Question
Drawdy, Langston, and Pearl operate a local accounting firm as a partnership. After working together for several years, they have decided to liquidate the partnerships
Drawdy, Langston, and Pearl operate a local accounting firm as a partnership. After working together for several years, they have decided to liquidate the partnerships property.
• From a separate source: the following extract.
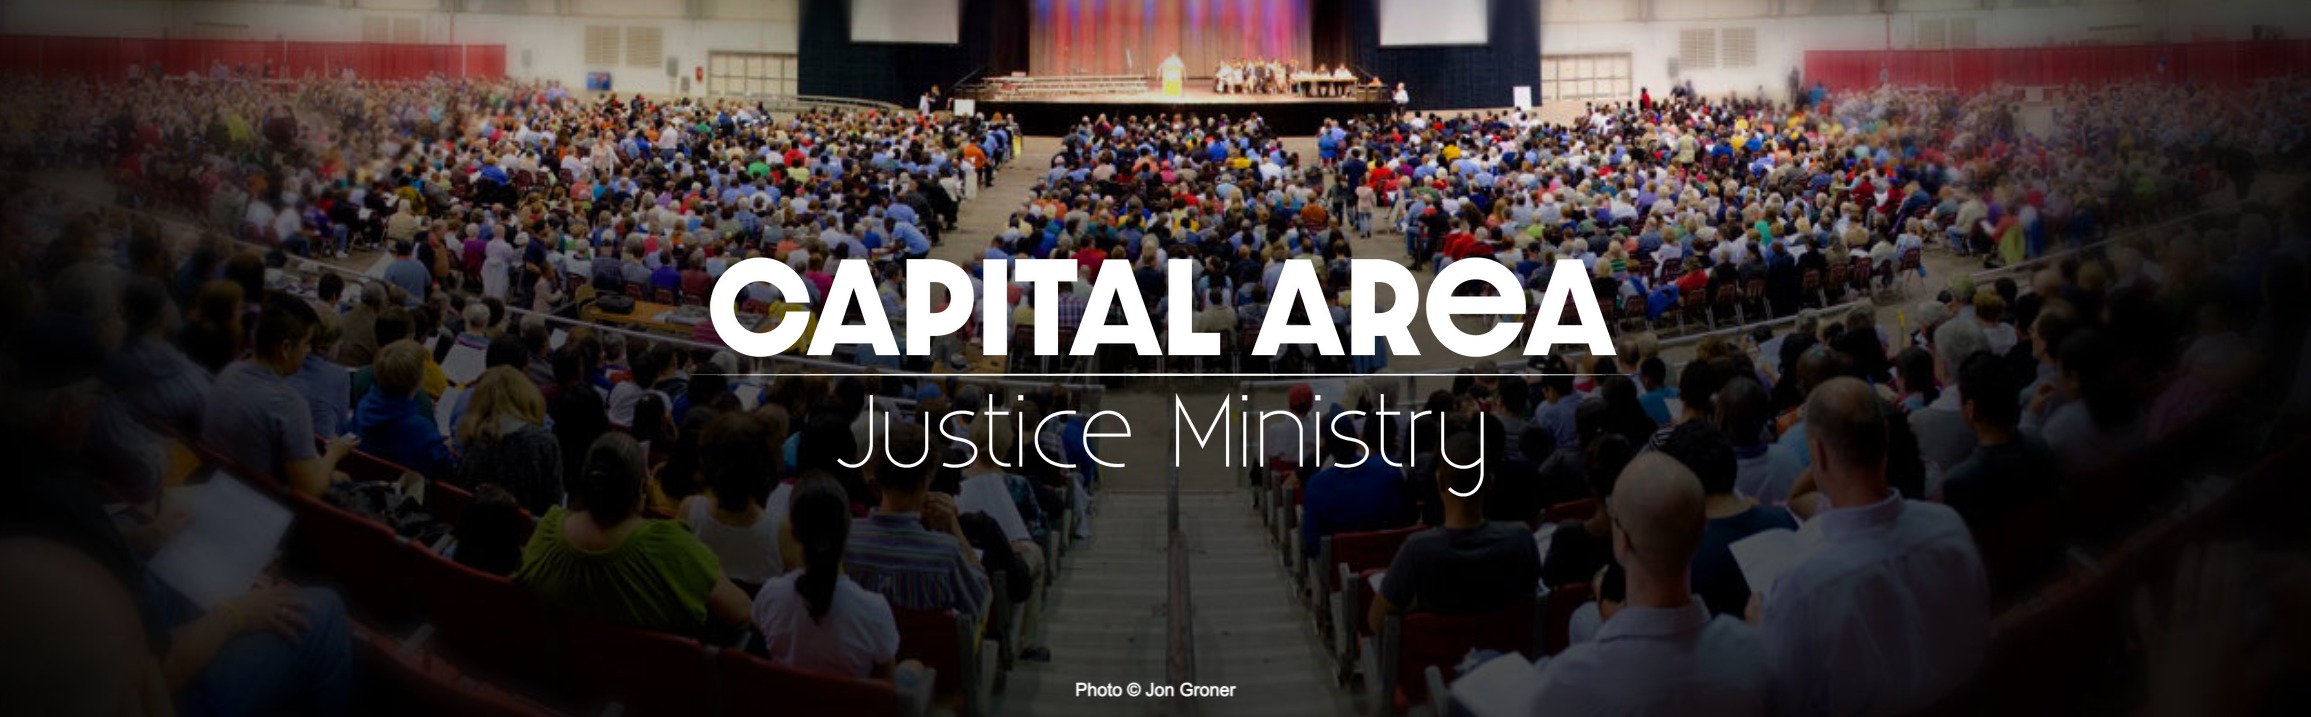 Capital Area Justice Ministry's logo on top of a photo of a large room full of people looking at a central podium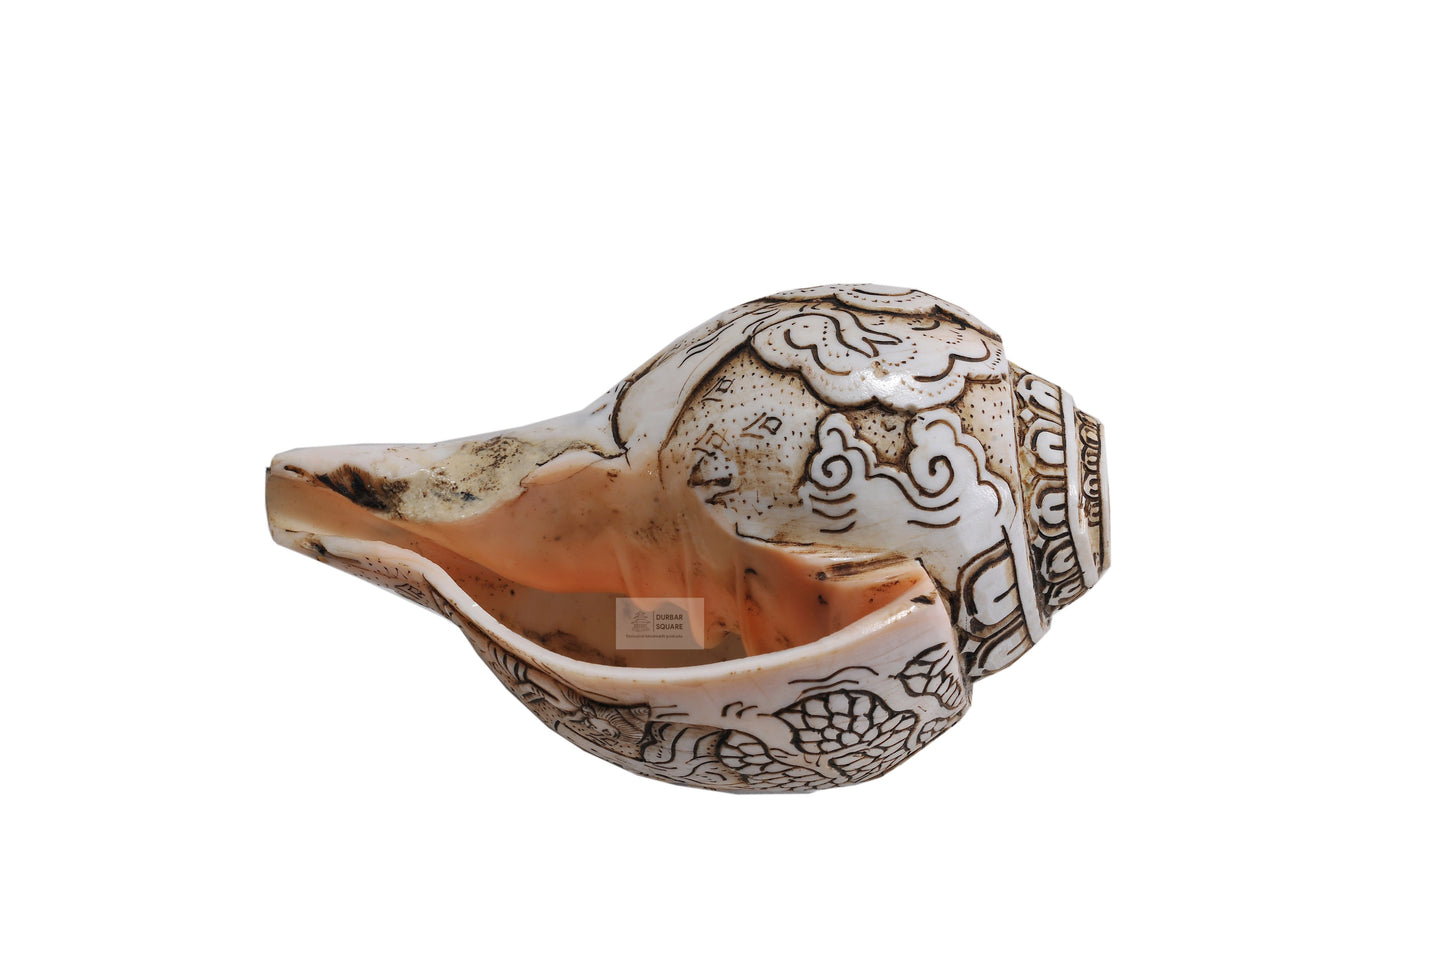 Carved Sankha (Conch Shell)

The partners have prepared the following balance sheet:
Cash | $ | 35,000 | Liabilities | $ | 45,500 | |
Drawdy, loan | 20,000 | Langston, loan | 25,000 | |||
Noncash assets | 180,000 | Drawdy, capital | 80,000 | |||
Langston, capital | 65,000 | |||||
Pearl, capital | 19,500 | |||||
Total assets | $ | 235,000 | Total liabilities and capital | $ | 235,000 | |
The firm sells the noncash assets for $135,000; it will use $21,000 of this amount to pay liquidation expenses. All three of these partners are personally insolvent. Assume that the profits and losses are split 2:4:4 to Drawdy, Langston, and Pearl, respectively.
Indicate the cash distribution to be made to partners at the end of the liquidation process. Unless otherwise stated, assume that all solvent partners will reimburse the partnership for their deficit capital balances. (Do not round intermediate calculations. Round the final answers to nearest dollar amounts.)